First off i entered Advanced CPU Feature:
CPU Clock Ratio = [20x]
CPU Frequency = 4.00GHz(200x20)
Intel Turbo Boost Tech. = [Disabled]
CPU Cores Enabled = [All]
CPU Multi-Threading = [Disabled] (this was cause it pushed my temps over 85c and some of the apps i use don't support mulithreading)
CPU Enhanced Halt (C1E) = [Disabled]
C3/C6/C7 State Support = [Disabled]
CPU Thermal Monitor = [Enabled]
CPU EIST Function = [Disabled]
Virtualization Technology = [Disabled]
Bi-Directional PROCHOT = [Enabled]

UnCore & QPI Features:
QPI Link Speed = [x36]
QPI Link Speed = 7.2GHz
Uncore  Frequency = [x16]
Uncore Frequency(MHz) = 3200
Isochronous Support = [Enabled]

Advanced Clock Control:
>>>>>  Sandard Clock Control
Base Clock(BCLK) Control = [Enabled]
BCLK Frequency (Mhz) = [200]
PCI Express Frequency (Mhz) [100]
C.I.A. 2 = [Disabled]
>>>>>  Advanced Clock Control
CPU Clock Drive = [700mV]
PCI Express Clock Drive = [700mV]
CPU Clock Skew = [0ps]
MCH Clock Skew = [0ps]

Advanced DRAM Features:
Performance Enhance = [Standard]
Extreme Memory Profile (X.M.P.) = [Disabled]
System Memory Multiplier (SPD) = [8.0]
Memory Frequency (Mhz) 1066 = 1600
DRAM Timing Selectable (SPD) = [Quick]
Profile DDR Voltage = 1.5V
Profile QPI Voltage = 1.175V

and the only thing i modified here was the Channel A timings that get replacated to channel B & C because of the Quick setting:
CAS Latency Time = [9]
tRCD = [9]
tRP = [9]
tRAS = [24]
Command Rate (CMD) = [2]

Advanced Voltage Control:
The only volts i modified was,
>>> CPU
Load-Line Calibration = [Disabled]
CPU Vcore 1.12500V = [1.45v]
QPI/Vtt Voltage 1.200V = [1.515v]
>>> DRAM
DRAM Voltage 1.500V [1.56v]

All the rest are [Auto]

I am not sure if this is the most efficient way to hit 4.0GHz but it works, 
i have only ran Prime95 for 2 hours with no problems... will run it overnight soon to make sure all is ok.
The high temp (80-85c) is all i am worried about but when playing BF3 its only around 60-65c so i am happy with that.

Peace 
Dave


----------



## brandonwh64 (Dec 22, 2011)

Try 21x191 with LLC enabled. vcore 1.3V VTT 1.25V

Sometimes higher voltages hurt the OCing process.


----------



## Duekay (Dec 22, 2011)

brandonwh64 said:


> Try 21x191 with LLC enabled. vcore 1.3V VTT 1.25V
> 
> Sometimes higher voltages hurt the OCing process.

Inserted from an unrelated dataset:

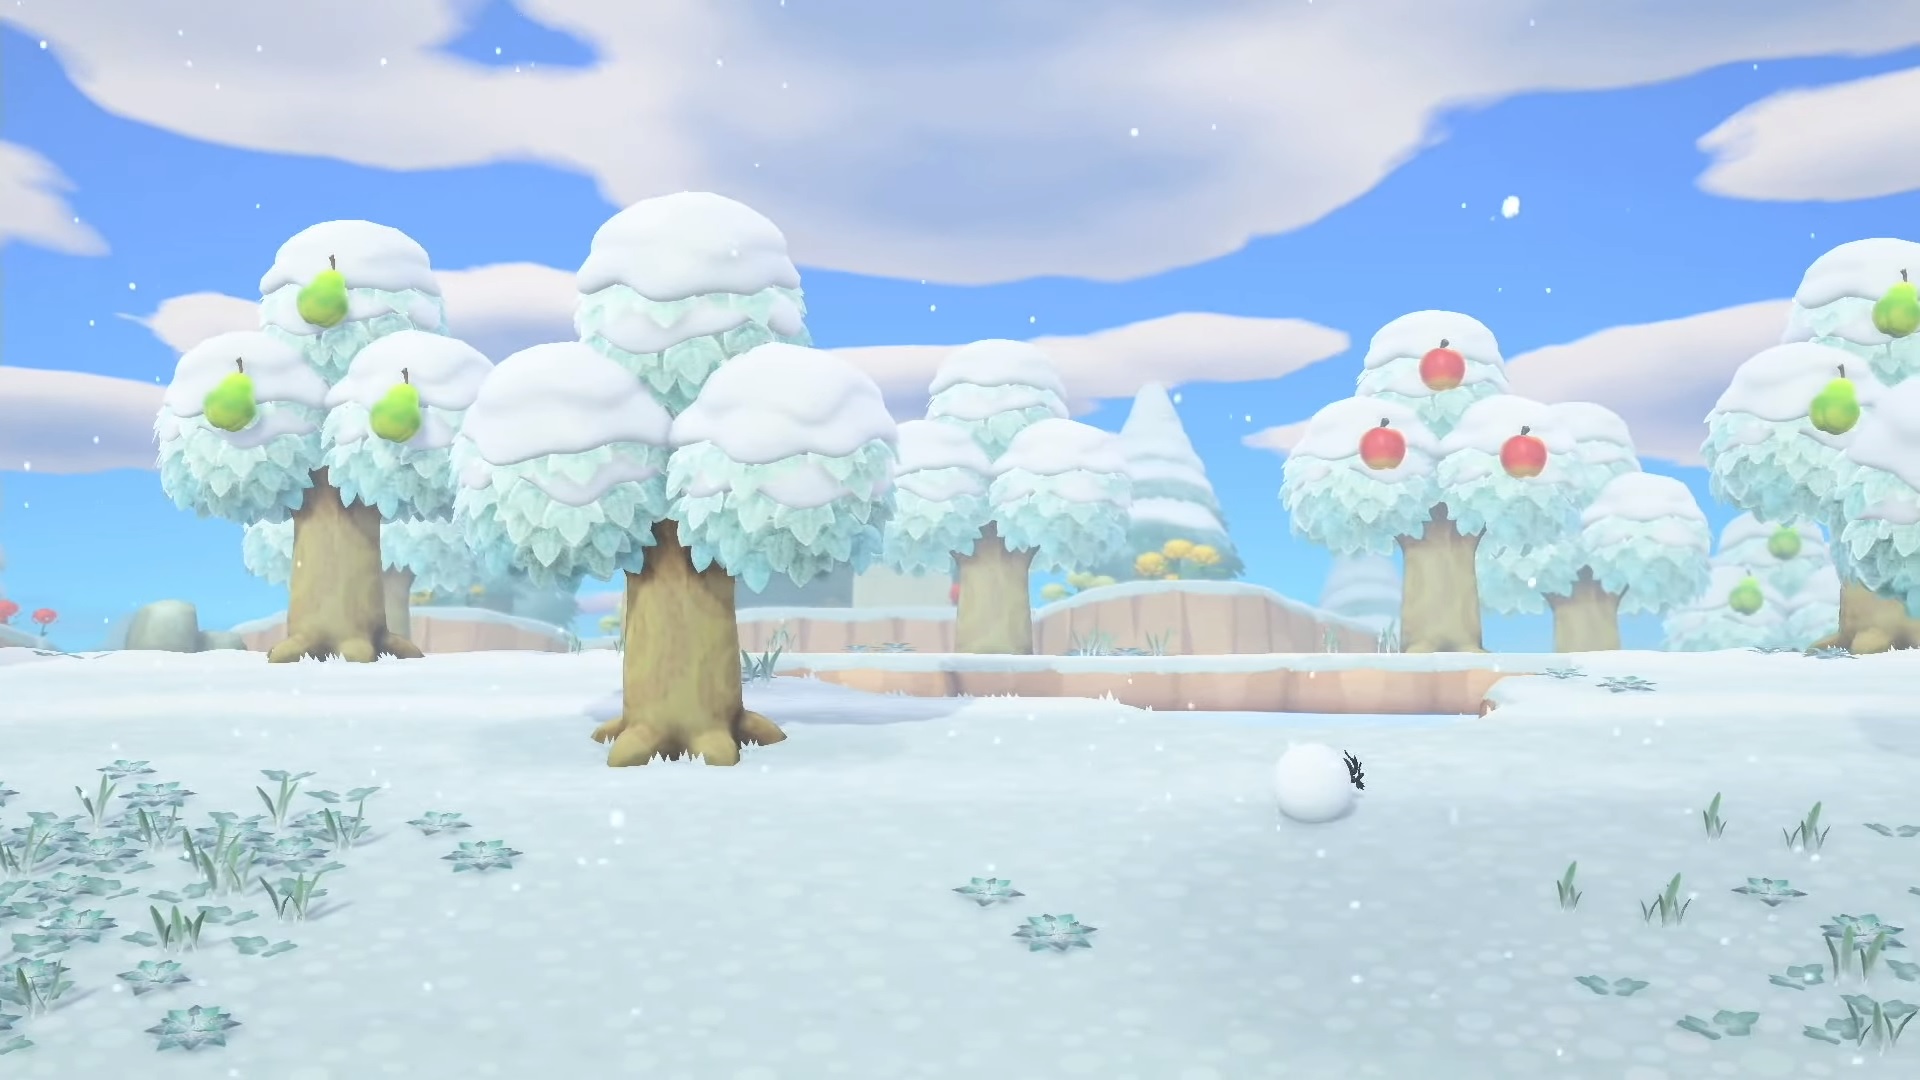 screenshot of a wintery forest with fruit on the ground covered in snow, animal crossing new horizons winter settings

Cool will do, whats LLC stand for? would it be best to have my ram running at x8 so i get 1528MHz?

Cheers


----------



## Duekay (Dec 22, 2011)

brandonwh64 said:


> Try 21x191 with LLC enabled. vcore 1.3V VTT 1.25V
> 
> Sometimes higher voltages hurt the OCing process.



I tried this with a vcore of about 1.35 in the bios (1.31 CPUz) with LLC and 21x191 and work fine (only tested 5min in prime).

So i went back to my 20x200 profile and turned on LLC dropped the volts down to 1.4v in bios (1.37v in cpuz) with a VTT of 1.3v and so far so good with temps of 78c max lots more room to move rather than my 85c before, will run prime for an hour or two then try getting 4.2GHz with a 21x200 and see if i don't need to extend the volts any more 

Then ill be happy for another 12 months till Ivy bridge hits the streets on LGA2011... i would feel much happier knowing i got 12 extra months out of this rig  + gigabyte will probably release a revision of the x79 UD5 board by then to like they did with x58 UD5.... and if im really lucky Intel may have released a usb3.0 supported chipset lol not going to hold my breath on that one.


----------